“SCRR (Securities Contracts Regulation Rules) needs to be amended before insurers and pension funds are allowed to become trading members. The amendment has to be done by the government,” said the official, who did not want to be named.
SCRR defines who can become trading members of an exchange, and does not currently provide for insurance companies other than Life Insurance Corporation of India (LIC) and General Insurance Corporation of India as members.
The Insurance Regulatory and Development Authority (Irda) and the Pension Fund Regulatory and Development Authority (PFRDA) have given their concurrence, the Sebi official said. As soon as SCRR is amended, insurers and pension funds could participate as trading members on the debt segment of stock exchanges.
The National Stock Exchange on Monday launched its debt segment. The other two stock exchanges, BSE and MCX Stock Exchange, are also said to be preparing for such a launch. NSE has been in talks with insurance players to participate in the debt segment. It had held discussions with LIC, HDFC Life and Future Generali, according to a source.

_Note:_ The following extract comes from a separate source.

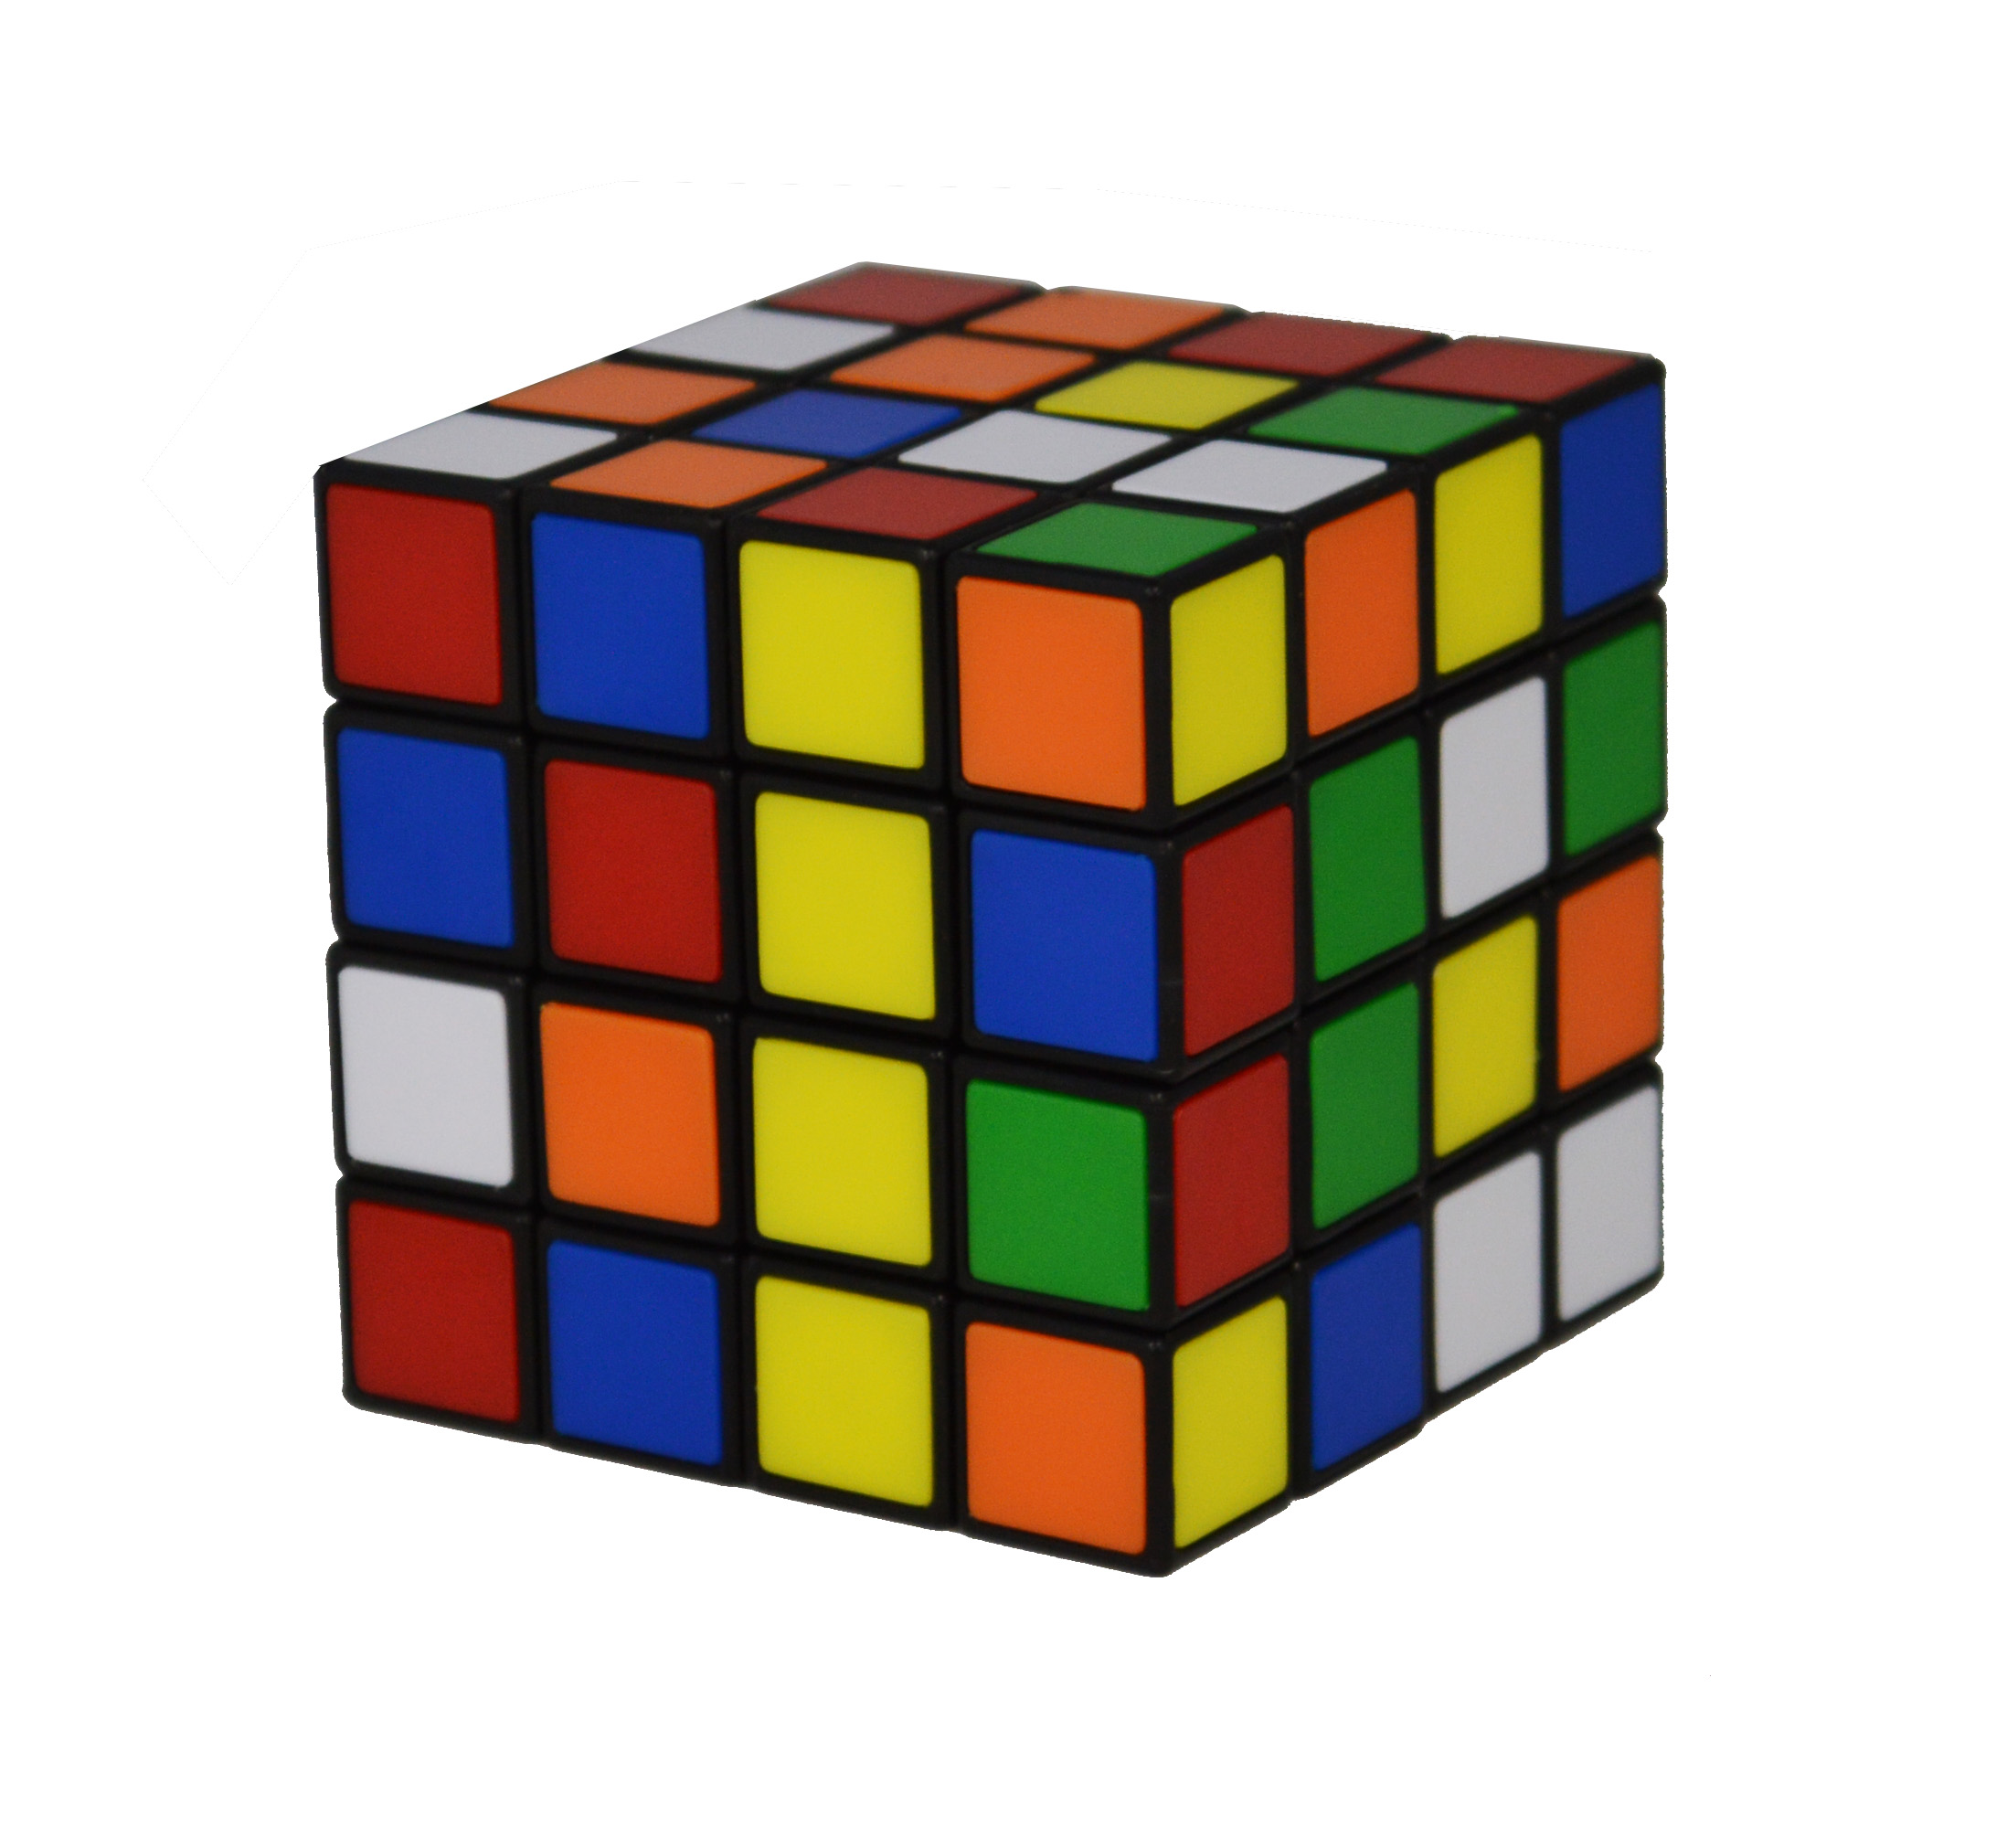  ルービックキューブ4×4 ver.2.1【公式ライセンス商品】

It is also said to have been in talks with various banking entities, including Axis Bank, YES Bank, State Bank of India, Deutsche Bank, HDFC Bank and Standard Chartered Bank.
“We have been actively engaging with many key institutions and are confident that they will be able to bring in liquidity to the platform, which will benefit the entire eco system of issuers, institutions and retail investors,” said Chitra Ramkrishna, managing director and chief executive officer, NSE.
IDBI Bank was the first to trade on the debt segment. The financial institution sold 9.15 per cent Tata Power bonds worth ~5 crore.
The exchange was also looking at the possibility of introducing market-making on the debt segment. Market-making is a means of providing liquidity to those who wish to trade certain securities generally by designating a large financial institution to provide both buy and sell quotes.
Sebi is also looking at implementing the so-called delivery versus payment (DVP) 3 settlement type, where trades are settled on a net basis and intra-day trading is allowed, for institutional investors. Currently, institutional investors’ trades are settled on a DVP 1 (gross) basis, which allows only trade for trade.
The market regulator, in consultation with the exchanges, has to decide on the margin requirement for DVP 3 settlement.